Your assignment: Only the lines below from the one that holds "BEADED TRIBAL NECKLACE - CITRUS" through the one that holds "gluten and dairy" should appear in the answer, copied exactly, end lines included and pictures omitted.

Records supplied:
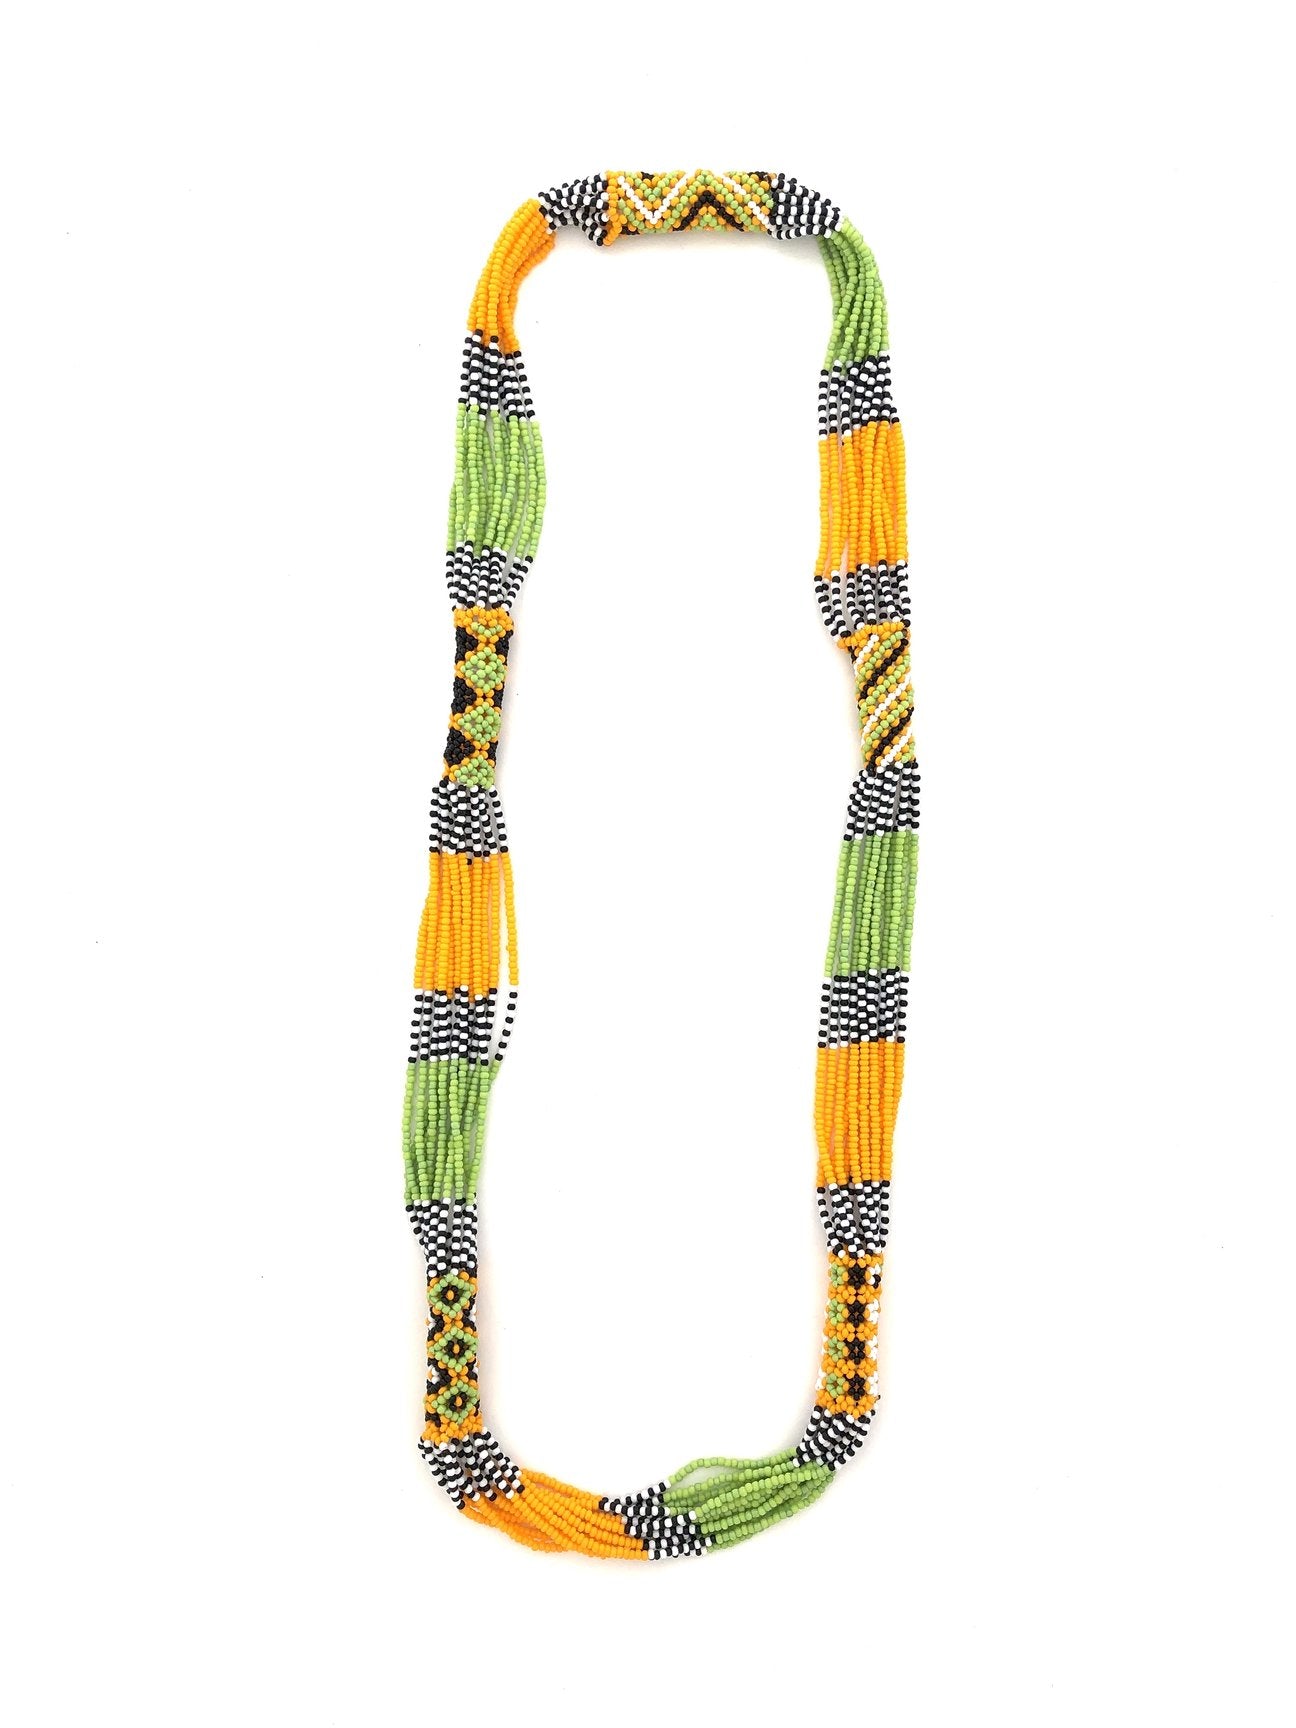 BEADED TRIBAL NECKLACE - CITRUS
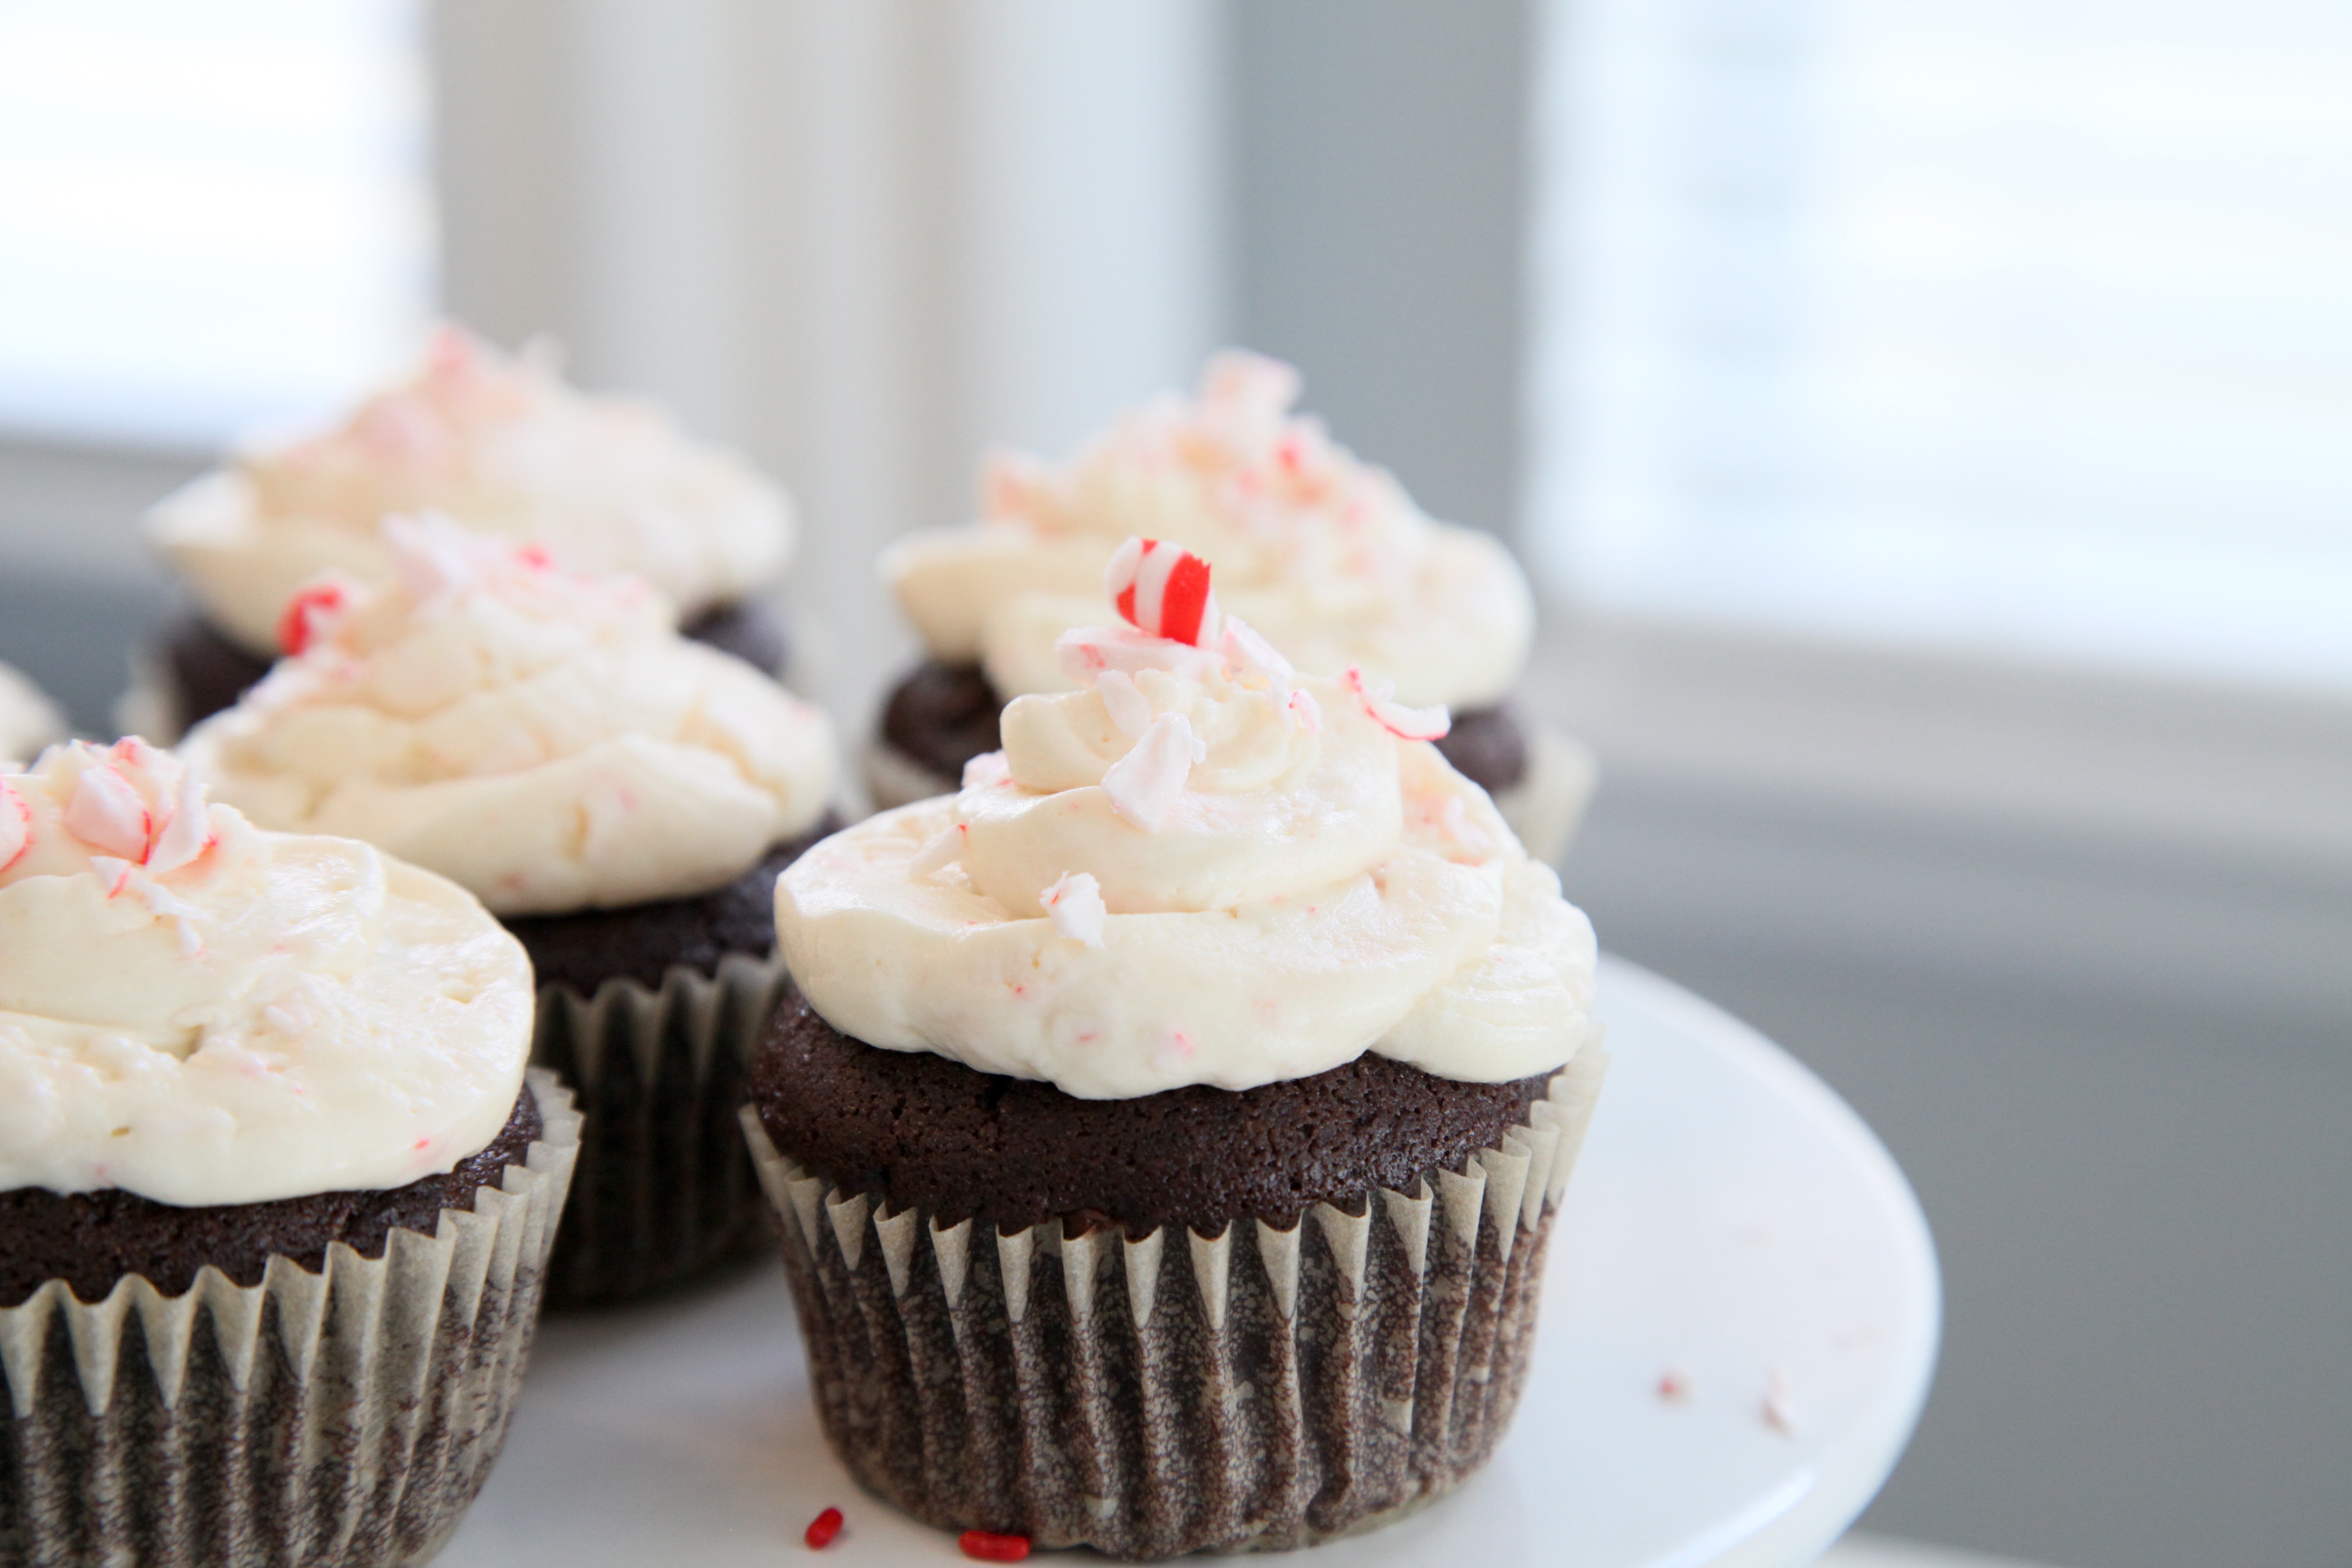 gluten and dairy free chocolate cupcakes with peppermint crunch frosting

==

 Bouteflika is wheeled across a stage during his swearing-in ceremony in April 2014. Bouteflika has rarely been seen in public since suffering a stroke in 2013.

Solution for this exercise:
 BEADED TRIBAL NECKLACE - CITRUS
 gluten and dairy free chocolate cupcakes with peppermint crunch frosting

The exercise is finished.